Lukson identified Iraqi munitions launched at coalition forces and Kuwait as Ababil-100 and al Samoud missiles, FROG rockets, and one cruise missile. Iraq did not fire any Scud missiles, which vexed an early version of the Patriot in the 1991 Persian Gulf War.
U.S.-led coalition and Kuwaiti forces deployed PAC-3s and upgraded versions of the PAC-2 to defend against Iraqi missile attacks. PAC-2 missiles employ a warhead that explodes near the target to destroy it, while the PAC-3 interceptor is designed to smash its target in a high-speed collision.
Upgraded PAC-2s were more numerous, used more extensively, and recorded most of the Iraqi missile intercepts. All told, Lukson reported that two Iraqi ballistic missiles had been destroyed by PAC-3s. A total of four PAC-3s had been fired at the two targets.
Early on in the military campaign, U.S. officials suggested they were using the newer PAC-3 to protect coalition forces and Kuwait. A spokesperson at the Coalition Press Information Center said March 24 that up to that point six Iraqi ballistic missiles had been destroyed and that all Patriots fired had been PAC-3s. Initial CENTCOM press releases regarding Patriot intercepts also implied that the military was only using the PAC-3, stating “The PATRIOT system deployed on the battlefield today is the latest version, referred to as a PAC-3.”
Lieutenant General Ronald Kadish, director of the Pentagon’s Missile Defense Agency, testified April 9 that PAC-3 use was limited due to a short supply of the interceptors. By the end of last year, just more than 50 PAC-3s had been delivered to the U.S. Army for possible deployment.
While cautioning that intercept data still needed to be evaluated, Kadish described the Patriot’s most recent battlefield record as “very, very good.”
Questions abound about why Patriots mistakenly attacked coalition aircraft. A number of factors could be responsible, including human error or procedural, mechanical, or software failures.
Kadish offered no explanation, saying that the incidents are under investigation.
Philip Coyle, who served as the director of the Pentagon’s office of operational test and evaluation for most of the Clinton administration and conducted reviews of the Patriot, stated April 22 that the system’s radar is “excellent…and should be able to tell the difference” between an airplane and a missile. “What’s not so clear is whether the Patriot software has been written properly to use the information from the radar to discriminate an aircraft from a missile,” Coyle said.
Coyle also speculated that “friend or foe” identification systems, which help tell enemy and allied equipment apart, could have failed.
The Patriot system did engage the wrong targets in at least two previous Pentagon exercises. In a March 2000 joint forces field evaluation, the Patriot system targeted friendly aircraft “on two occasions,” a Joint Forces Command spokesperson said April 22. More recently, there were “simulated, unintended engagements of friendly forces” by the Patriot system in an April 2002 exercise, the same spokesperson reported April 24.

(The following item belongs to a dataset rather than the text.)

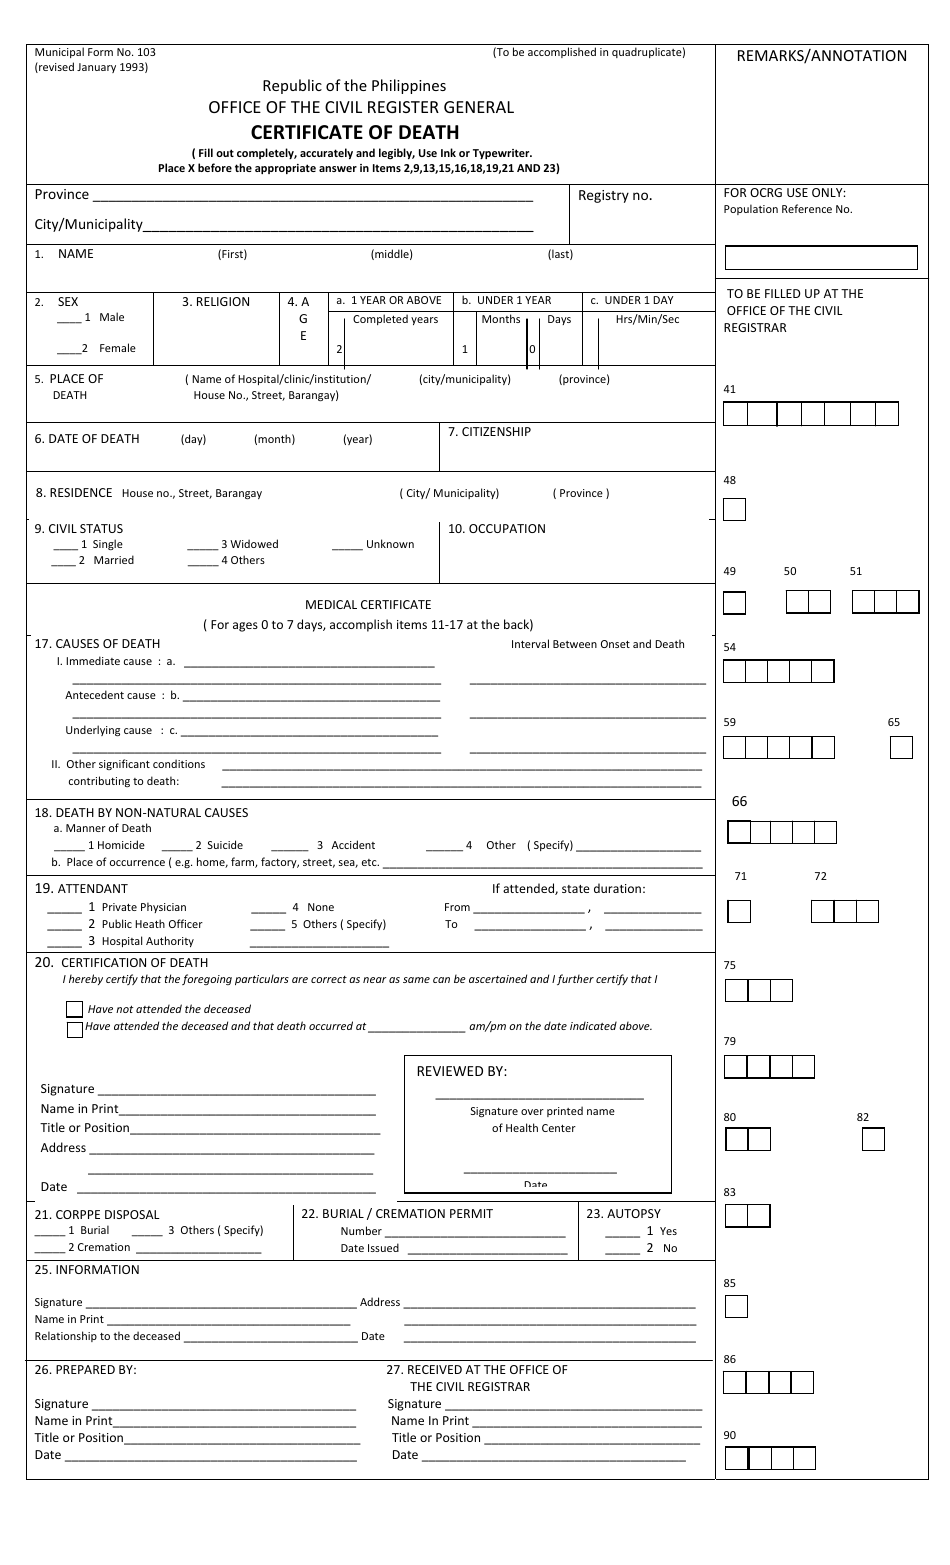 Municipal Form 103 Certificate of Death - Catbqalogan, Philippines, Page 1

The Patriot was initially designed to counter aircraft, but the U.S. military pressed it into service in the 1991 conflict to protect against Iraqi missiles. Initial reports asserted Patriot operated almost perfectly, but the Pentagon scaled back its claims in the face of mounting contradictory evidence. The General Accounting Office, which conducts investigations for Congress, assessed in 1992 that the “strongest evidence” supported about nine percent of the reported intercepts, but other analyses set the figure lower.